Write down equations to describe the alpha decay of the following atoms: a) \(^{212} \mathrm{Rn}\) b) \({ }^{241} \mathrm{Am}\)

An alpha particle is a helium-4 nucleus, which consists of 2 protons and 2 neutrons. Therefore, the alpha particle can be represented as \(^4\mathrm{He}\).

The given parent atoms are: a) \(^{212}\mathrm{Rn}\) b) \(^{241}\mathrm{Am}\)

When a parent atom undergoes alpha decay, it loses 2 protons and 2 neutrons (which are contained in the alpha particle).
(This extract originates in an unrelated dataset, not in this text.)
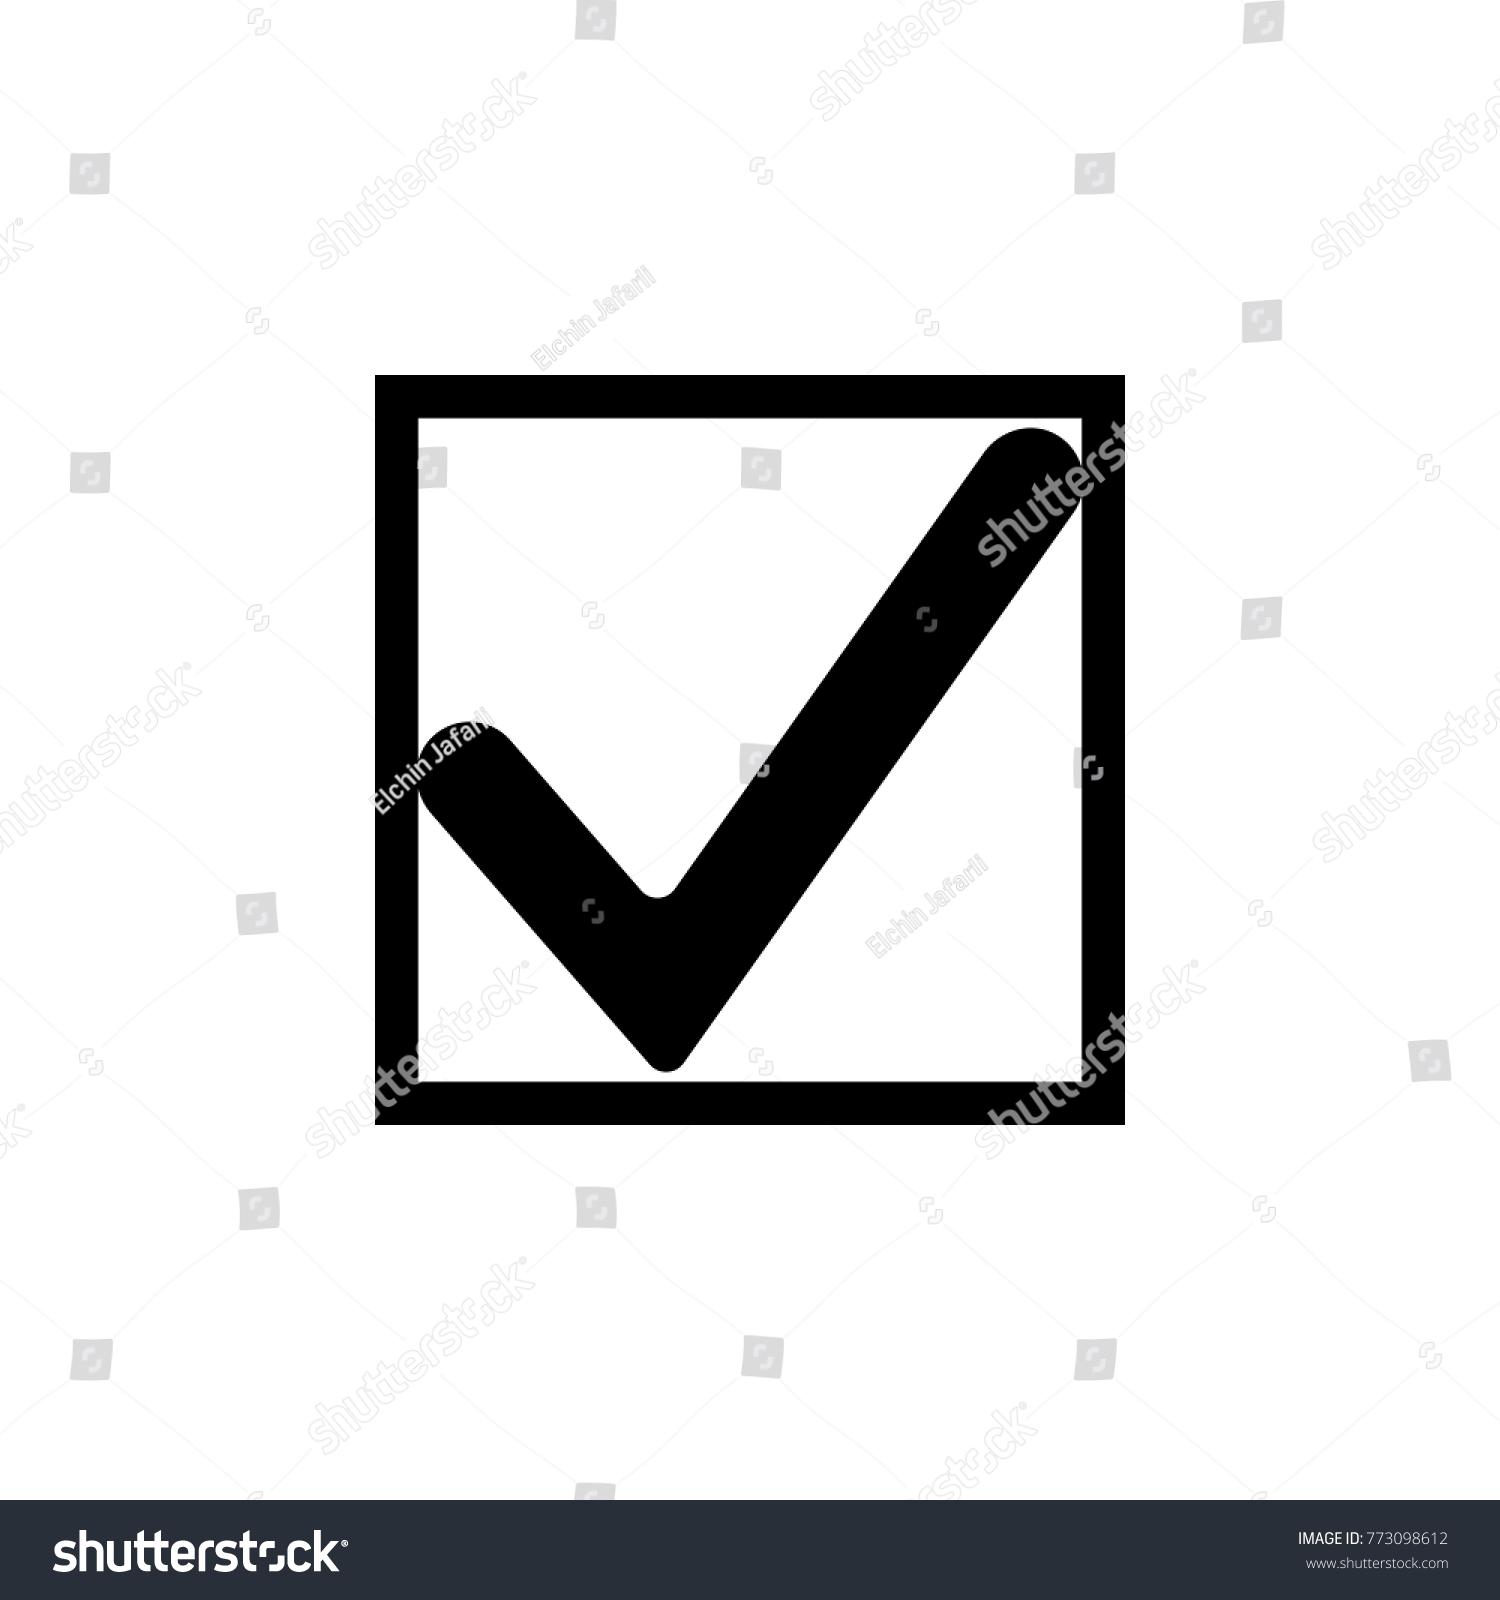 Checked sign icon strategy managment icon stock illustration checked sign icon strategy managment icon premium quality graphic design signs symbols buycottarizona Choice Image

Therefore, the atomic number (Z) of the daughter atom will be 2 less than the parent atom, and the mass number (A) will be 4 less than the parent atom. a) For \(^{212}\mathrm{Rn}\) (Rn has an atomic number of 86): Daughter atom will have an atomic number of 86 - 2 = 84 Daughter atom will have a mass number of 212 - 4 = 208 So, the daughter atom will be \(^{208}\mathrm{Po}\) (Polonium). b) For \(^{241}\mathrm{Am}\) (Am has an atomic number of 95): Daughter atom will have an atomic number of 95 - 2 = 93 Daughter atom will have a mass number of 241 - 4 = 237 So, the daughter atom will be \(^{237}\mathrm{Np}\) (Neptunium).

Finally, we can write down the equations for the alpha decays: a) \(^{212}\mathrm{Rn} \rightarrow \, ^{208}\mathrm{Po} + ^4\mathrm{He}\) b) \(^{241}\mathrm{Am} \rightarrow \, ^{237}\mathrm{Np} + ^4\mathrm{He}\)